▸ **Source data**:
☆ ☆ ☆ ☆

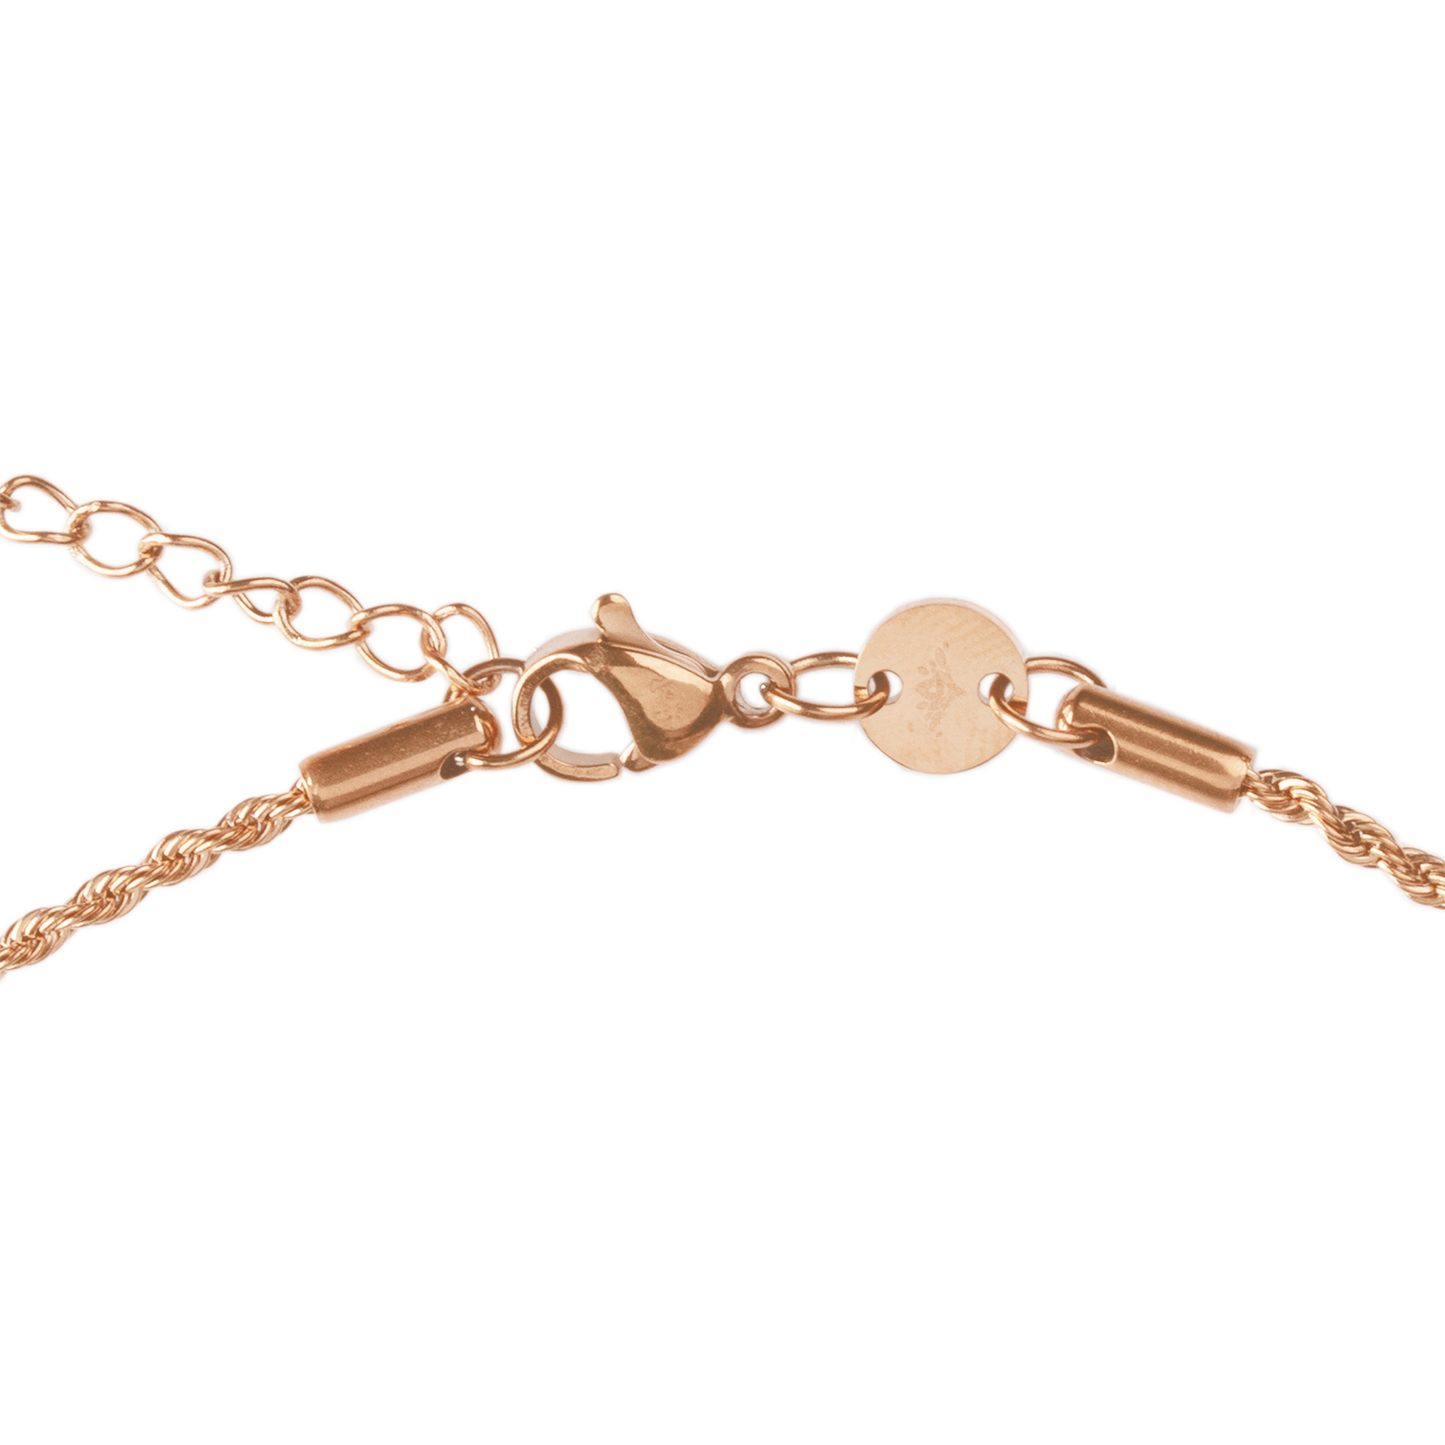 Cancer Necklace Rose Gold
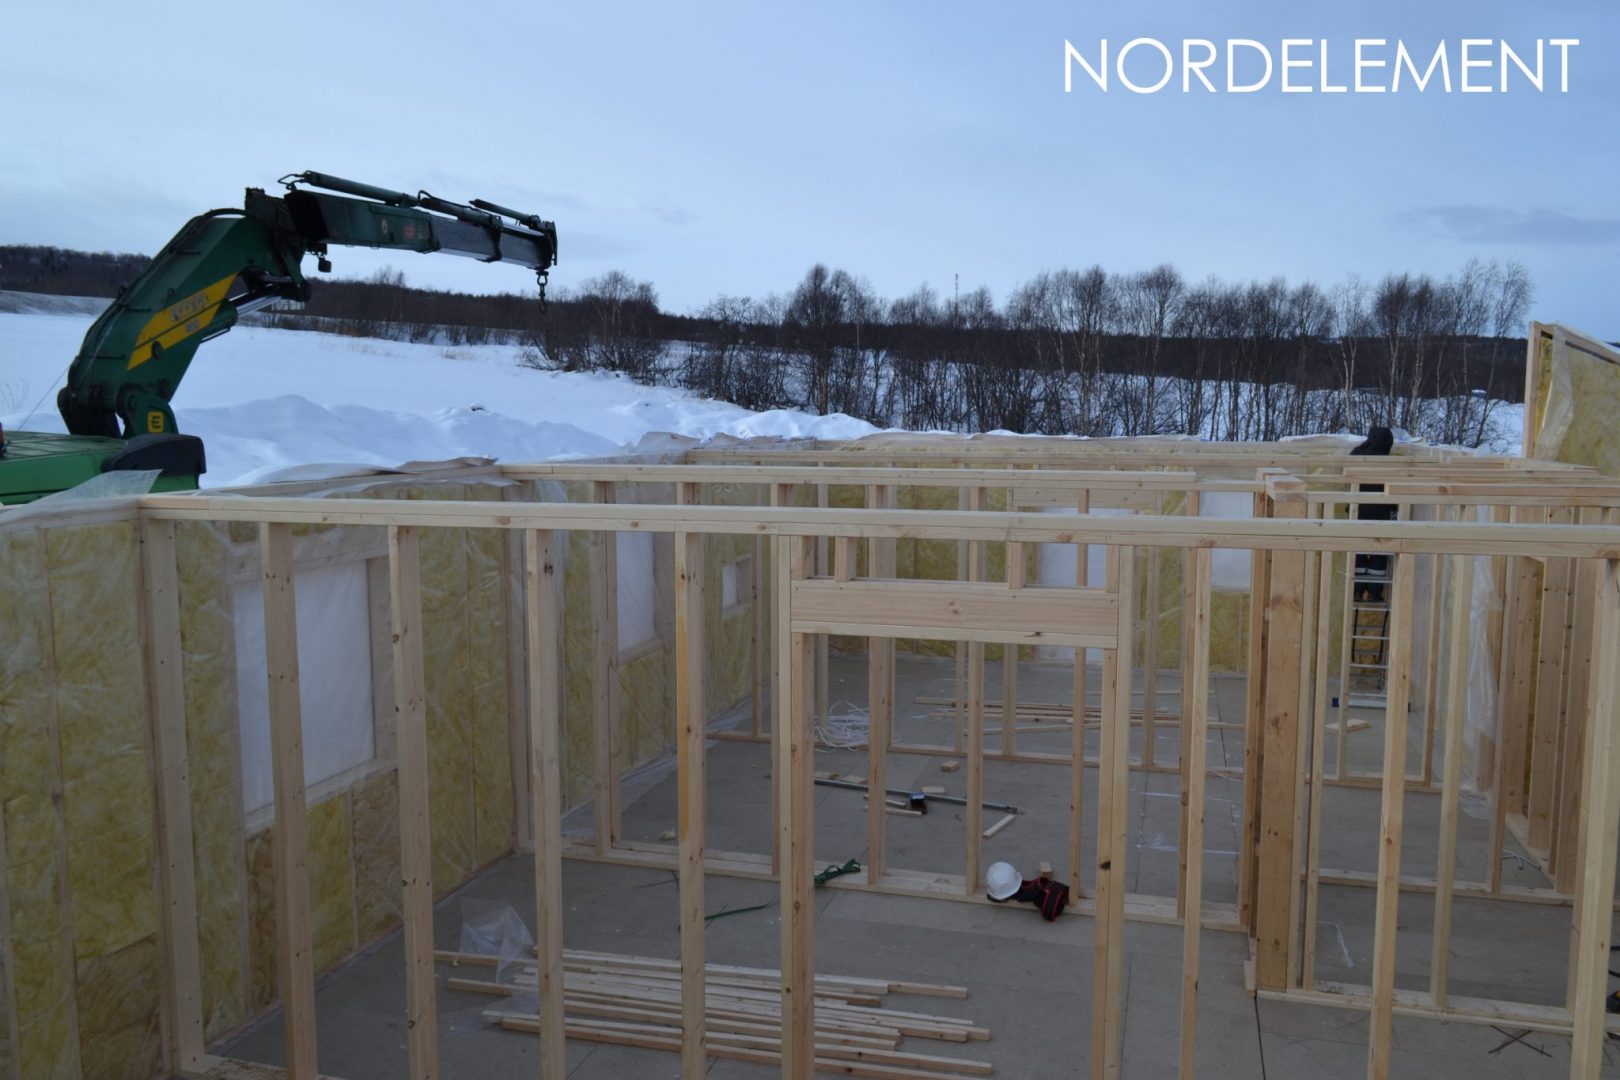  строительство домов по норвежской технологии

☆ ☆ ☆ ☆

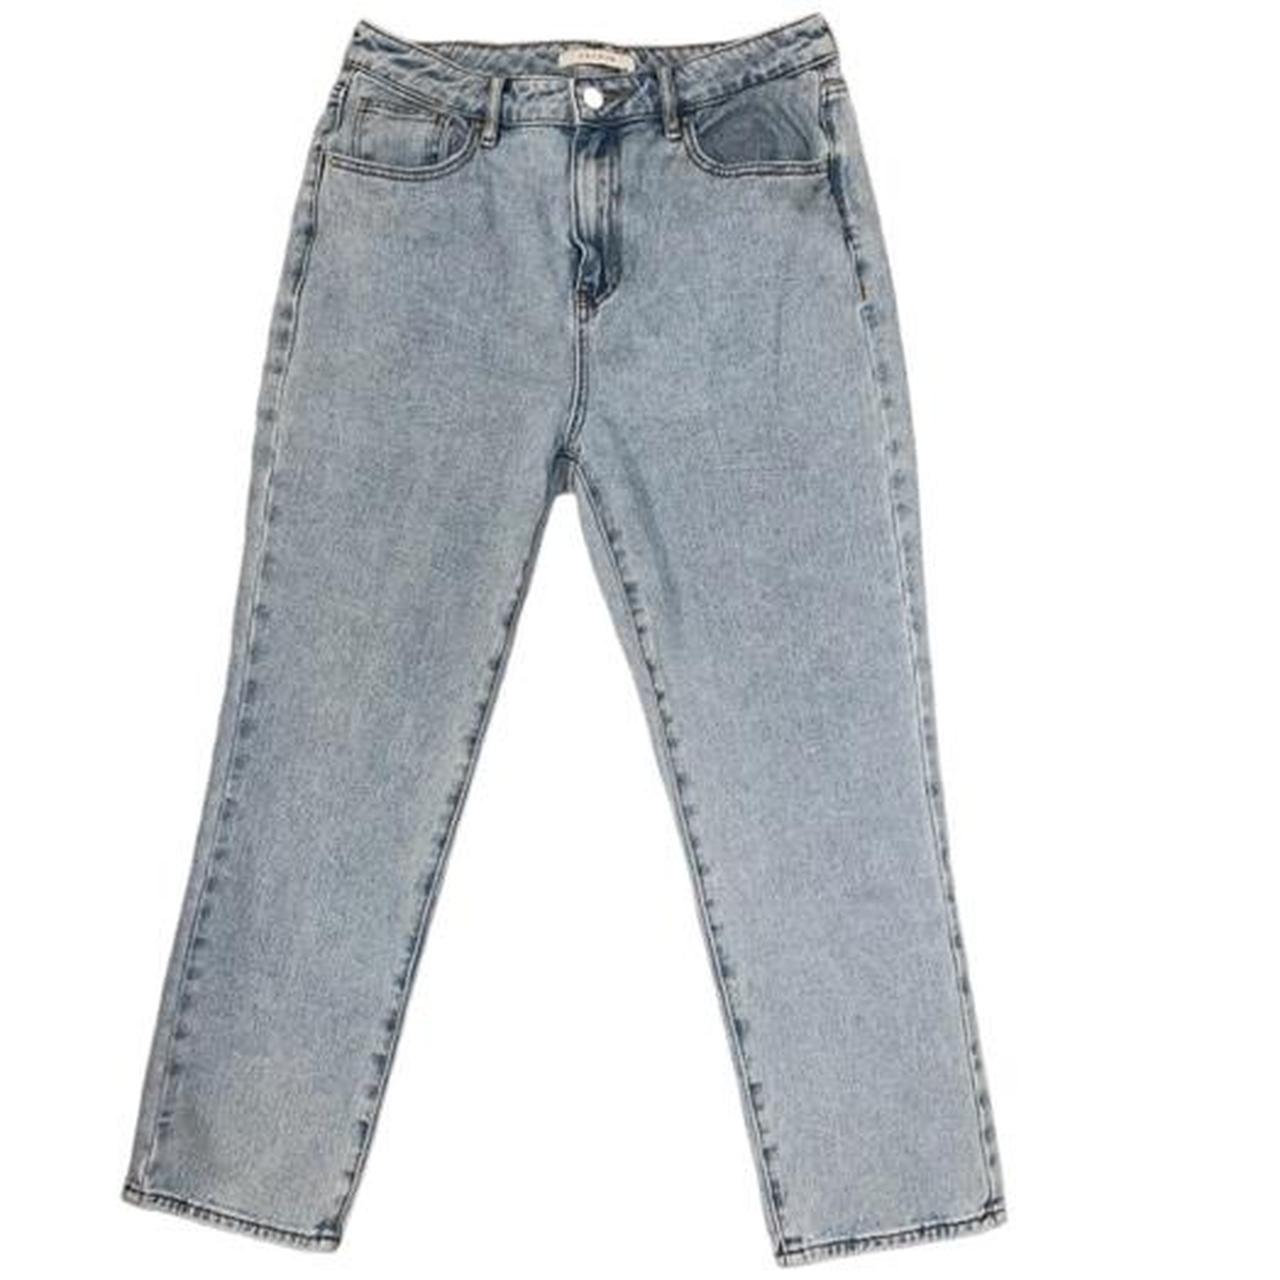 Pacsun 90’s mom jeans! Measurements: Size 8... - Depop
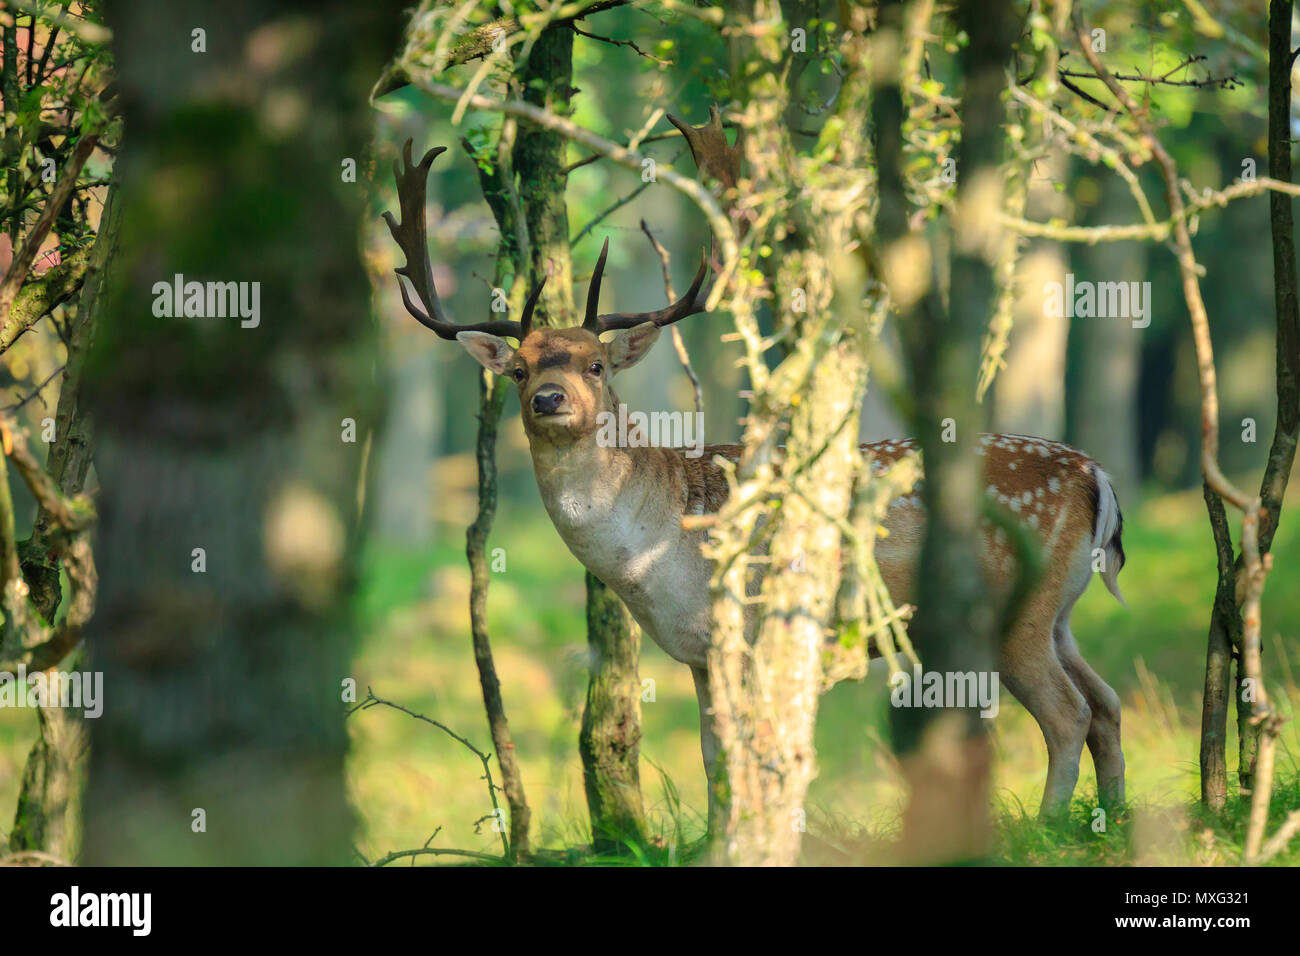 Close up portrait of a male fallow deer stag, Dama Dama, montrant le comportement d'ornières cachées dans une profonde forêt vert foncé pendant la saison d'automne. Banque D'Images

☆ ☆ ☆ ☆

▸ **Exercise prompt**:
From the records above, give again only the part that opens with the line containing "Cancer Necklace Rose Gold" and closes with the line containing "строительство домов по". Keep both ends but drop the pictures.

▸ **Your solution**:
 Cancer Necklace Rose Gold
  строительство домов по норвежской технологии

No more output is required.